Peter Fragiskatos Liberal London North Centre, ON

I appreciate that.

One of the reasons I asked the question is that it can be a bit tricky for governments, as you can imagine, with regard to this question of helping civil society. Which civil society organizations should we help?

What you've sketched out is very instructive and it clarifies a lot. Thank you so much.

5:35 p.m.

Liberal

The Chair Liberal Bob Nault

Thank you, Peter.

Colleagues, that wraps up our time with our witnesses.

On behalf of the committee, I want to thank you very much for your well-thought-out presentations and recommendations to our committee. We look forward to more advice and/or an opportunity to speak to you at the UN. We're looking forward to visiting sometime in the not too distant future, and maybe we'll get a chance to talk face to face.

5:35 p.m.

Director, Gender Team, United Nations Development Programme

Randi Davis

We'd be happy to meet you in person.

5:35 p.m.

Deputy Chief, Peace and Security Section, UN Women

Nahla Valji

Absolutely.

5:35 p.m.

Liberal

The Chair Liberal Bob Nault

On behalf of the committee, we'd like to say thank you. We'll see you soon.

Thank you, colleagues.

We will now go to the final part of our business.

As I understand, we have a notice of motion by our colleague from the NDP.

I will give the floor to Hélène to present her motion, and then we will have a discussion, debate, and a vote to conclude it.

5:35 p.m.

NDP

Hélène Laverdière NDP Laurier—Sainte-Marie, QC

Thank you very much, Mr. Chair.

I feel that setting up this subcommittee is absolutely essential. With the sale of weapons to Saudi Arabia so much in the news, we have seen that, in general, Canadians are very interested in the issue. I feel that it is our responsibility to be, if you will, the ears, the eyes and the voice of Canadians. The media coverage clearly demonstrates this interest.

5:35 p.m.

Liberal

The Chair Liberal Bob Nault

Before you start with the debate, could we have the motion presented first for the record?

Either you can read it for us or someone else will, but I think it would be useful to have the motion on the floor.

5:40 p.m.

NDP

Hélène Laverdière NDP Laurier—Sainte-Marie, QC

So here is my notice of motion, Mr. Chair.

That, pursuant to Standing Orders 108(1) and 108(2), a Subcommittee on Arms Control to be chaired by a member elected by the subcommittee, be established to inquire into matters relating to Canadian arms exports and arms export permits; That the subcommittee be composed of seven (7) members or associate members of which four (4) shall be government members, two (2) shall be Conservative Party members, and one (1) from the New Democratic Party, to be named following the usual consultations with the whips; That the subcommittee be empowered to send for persons, papers and records, to receive evidence, to sit during a time when the committee is not sitting in Ottawa, to sit when the committee is sitting outside the Parliamentary Precinct and to sit during periods when the House stands adjourned; and That the Chair of the subcommittee meet with the Subcommittee on Agenda and Procedure of the committee at their mutual discretion.

5:40 p.m.

Liberal

The Chair Liberal Bob Nault

Thank you.
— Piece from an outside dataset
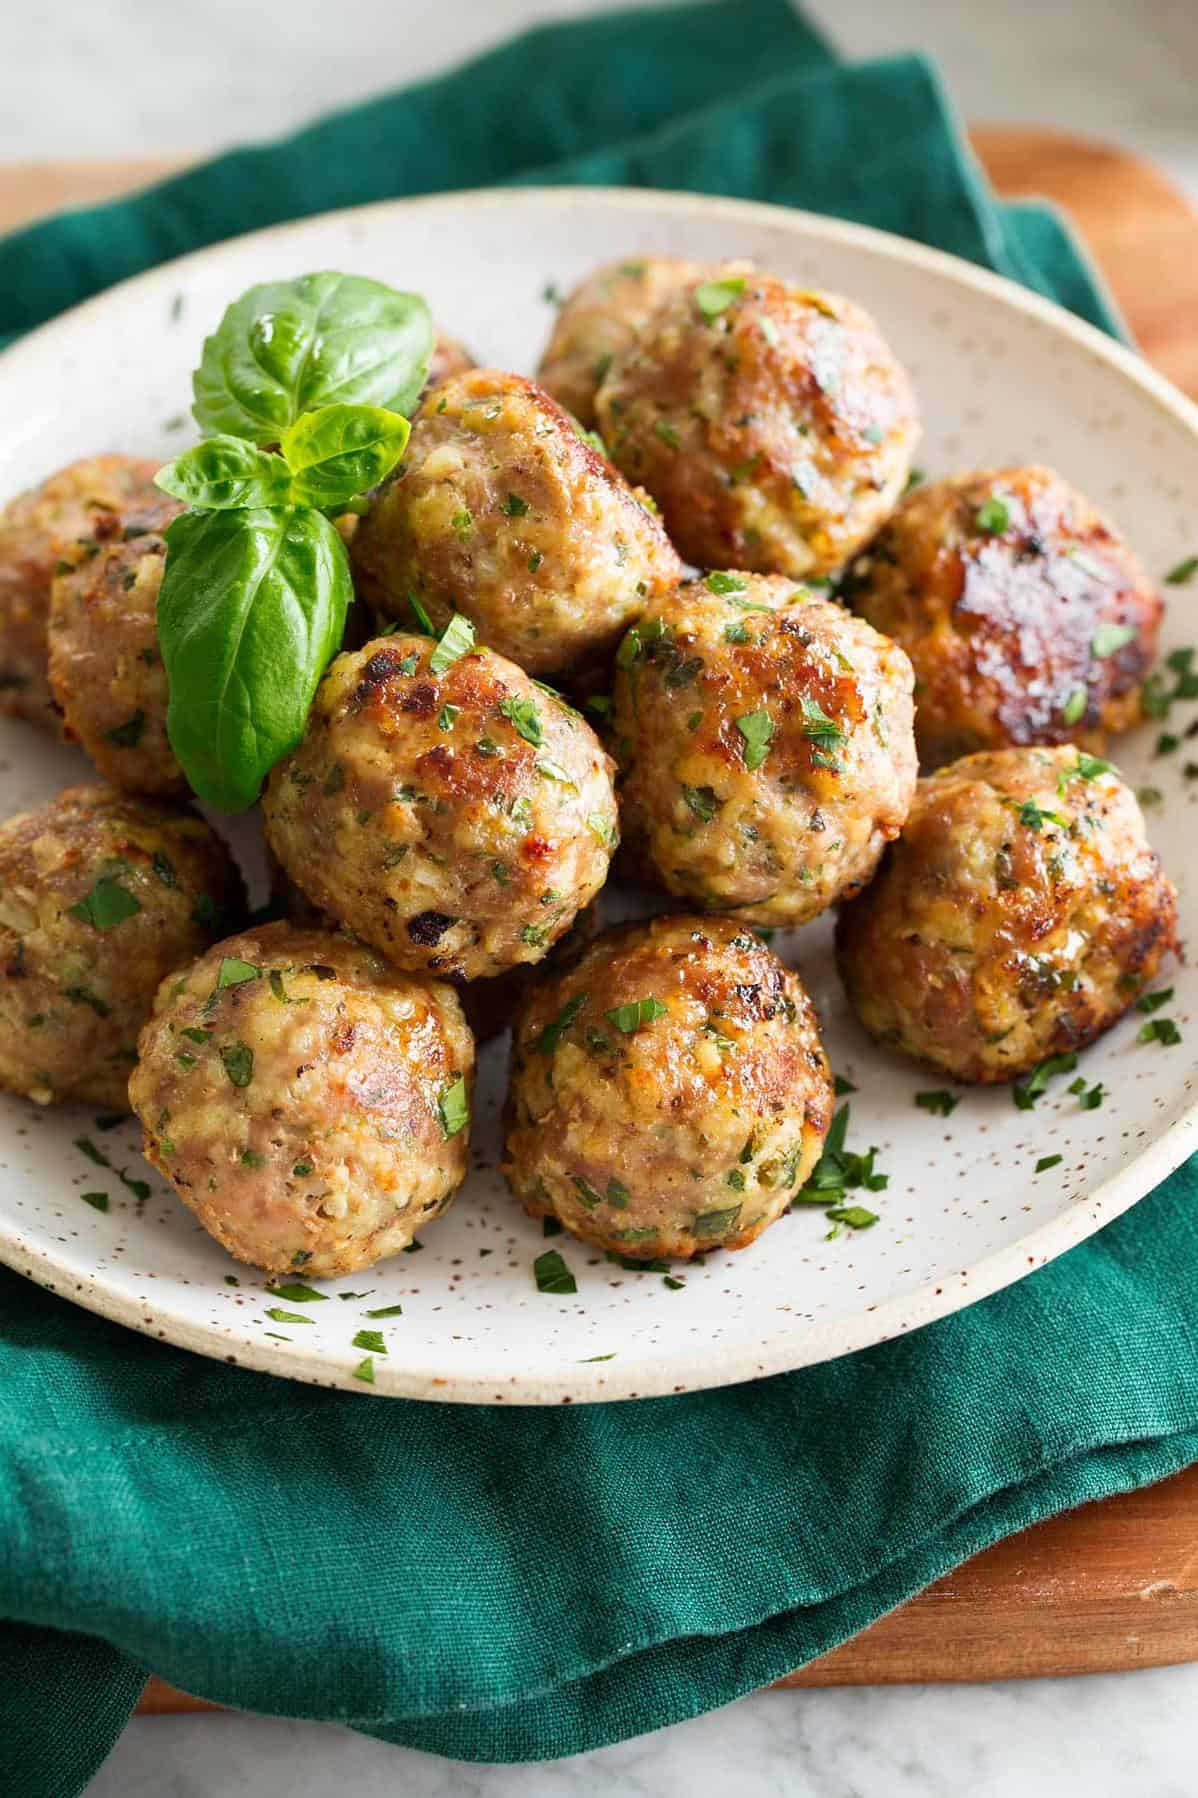  A picture-perfect moment of these mouthwatering meatballs - to taste or not to taste?

Now, the motion is before you. Would you like to start with debate?

April 19th, 2016 / 5:40 p.m.

NDP

Hélène Laverdière NDP Laurier—Sainte-Marie, QC

As I pointed out, I believe this is very important.

Yesterday, there was an interesting report on Radio-Canada. It was from the area around London. People were saying that they would like to understand this entire issue better.
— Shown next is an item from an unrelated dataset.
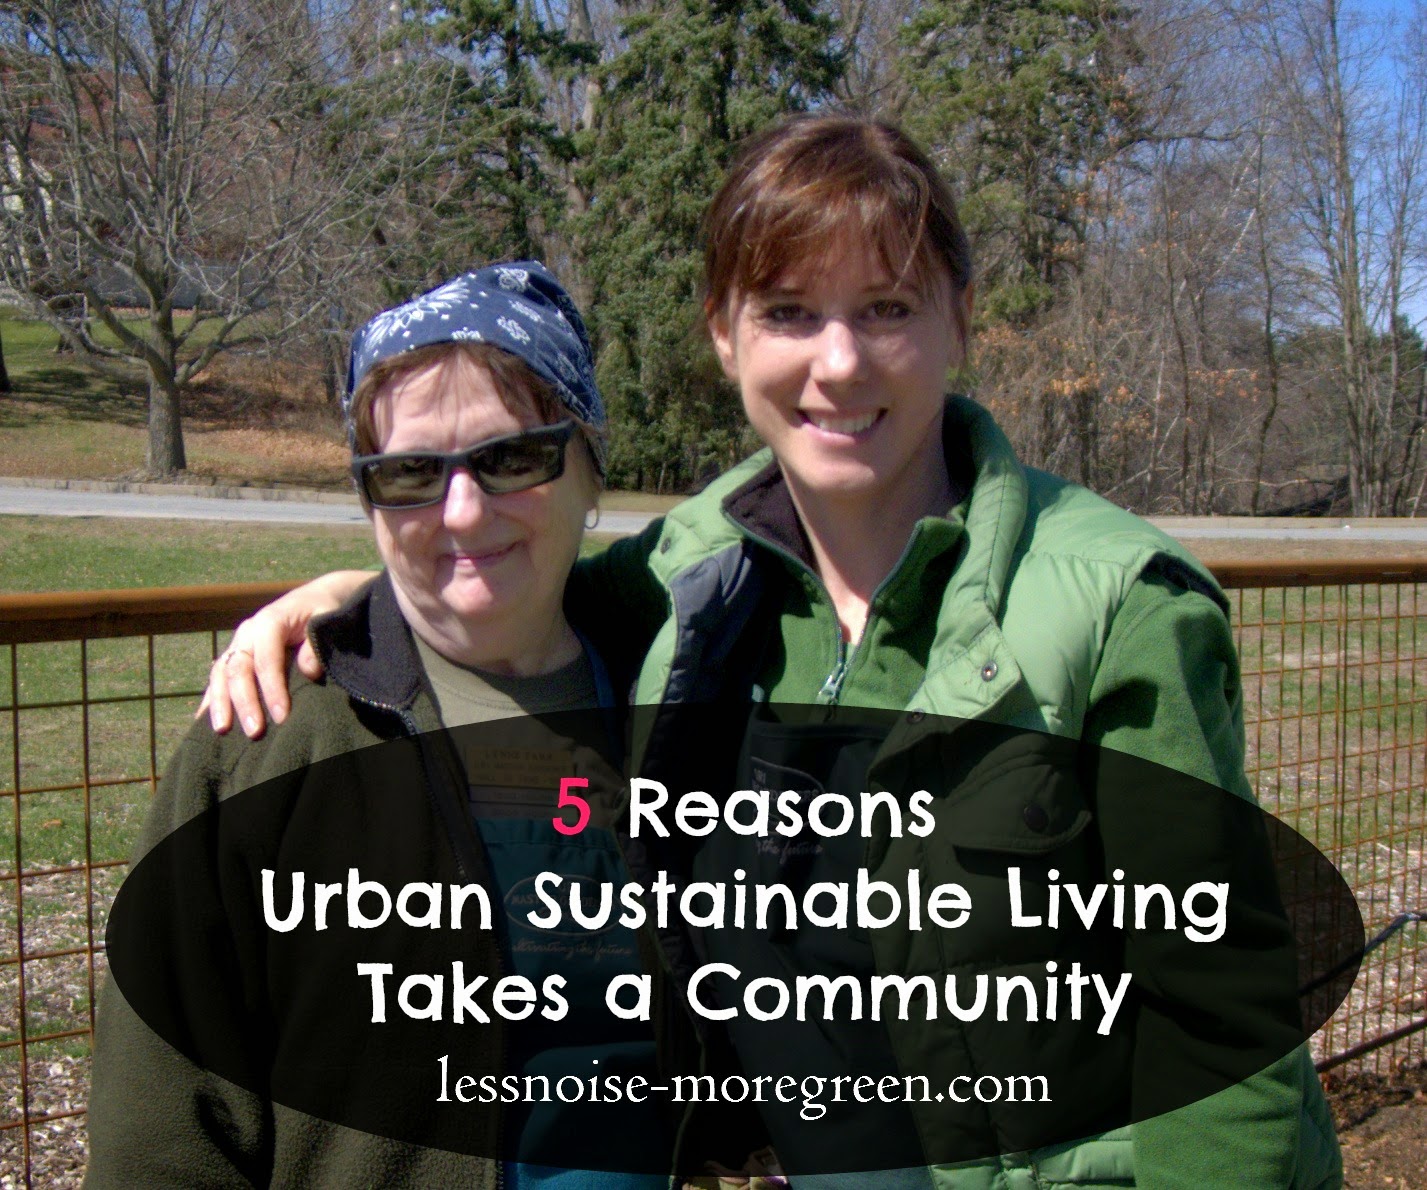 Five reasons urban sustainable living takes a community

This subcommittee could study major trends, processes, and, if required, specific cases. The subcommittee could also deal with the legislative work on the ratification of the arms trade treaty.

There should be one bill, or more, introduced to Parliament so that Canada can ratify the treaty. The committee could even study the overall issue of the treaty. So I believe that this is extremely important.

Some people have suggested that the matter be referred to the Standing Committee on Justice and Human Rights. I do not share that opinion at all. First of all, the issue goes far beyond the simple question of human rights. Industry, defence, foreign affairs, and even international development are also considerations. This really is much wider. We must not forget that the Subcommittee on International Human Rights determines its agenda itself.

At the moment, the text of the motion we have before us seeks to create a subcommittee on arms control. I am really afraid that any attempt to refer the matter to the Standing Committee on Justice and Human Rights is actually an attempt to bury it. The Prime Minister promised us more openness and transparency in the future. I appreciate that commitment very much.

I hope that members on the other side in particular will walk the talk now.

5:40 p.m.

Liberal

The Chair Liberal Bob Nault

Is there is any further debate or discussion?

Mr. Clement.

5:40 p.m.

Conservative

Tony Clement Conservative Parry Sound—Muskoka, ON

I would like to say that it is important for us to be transparent and to be able to study these matters.

So I support the motion.

5:40 p.m.

Liberal

The Chair Liberal Bob Nault

Okay.

Mr. Miller.

5:40 p.m.

Liberal

Marc Miller Liberal Ville-Marie—Le Sud-Ouest—Île-des-Soeurs, QC

There are two aspects to this motion: the form and the substance.

Let us first deal with the one that is less important, the form. The idea of a subcommittee implies a lot of things, including establishing the committee, of course. That requires considering the busy schedules of the people responsible for studying the matter. There is also the idea of assigning everything important for our foreign policy to subcommittees. So there are various reasons not to agree with the need for a subcommittee.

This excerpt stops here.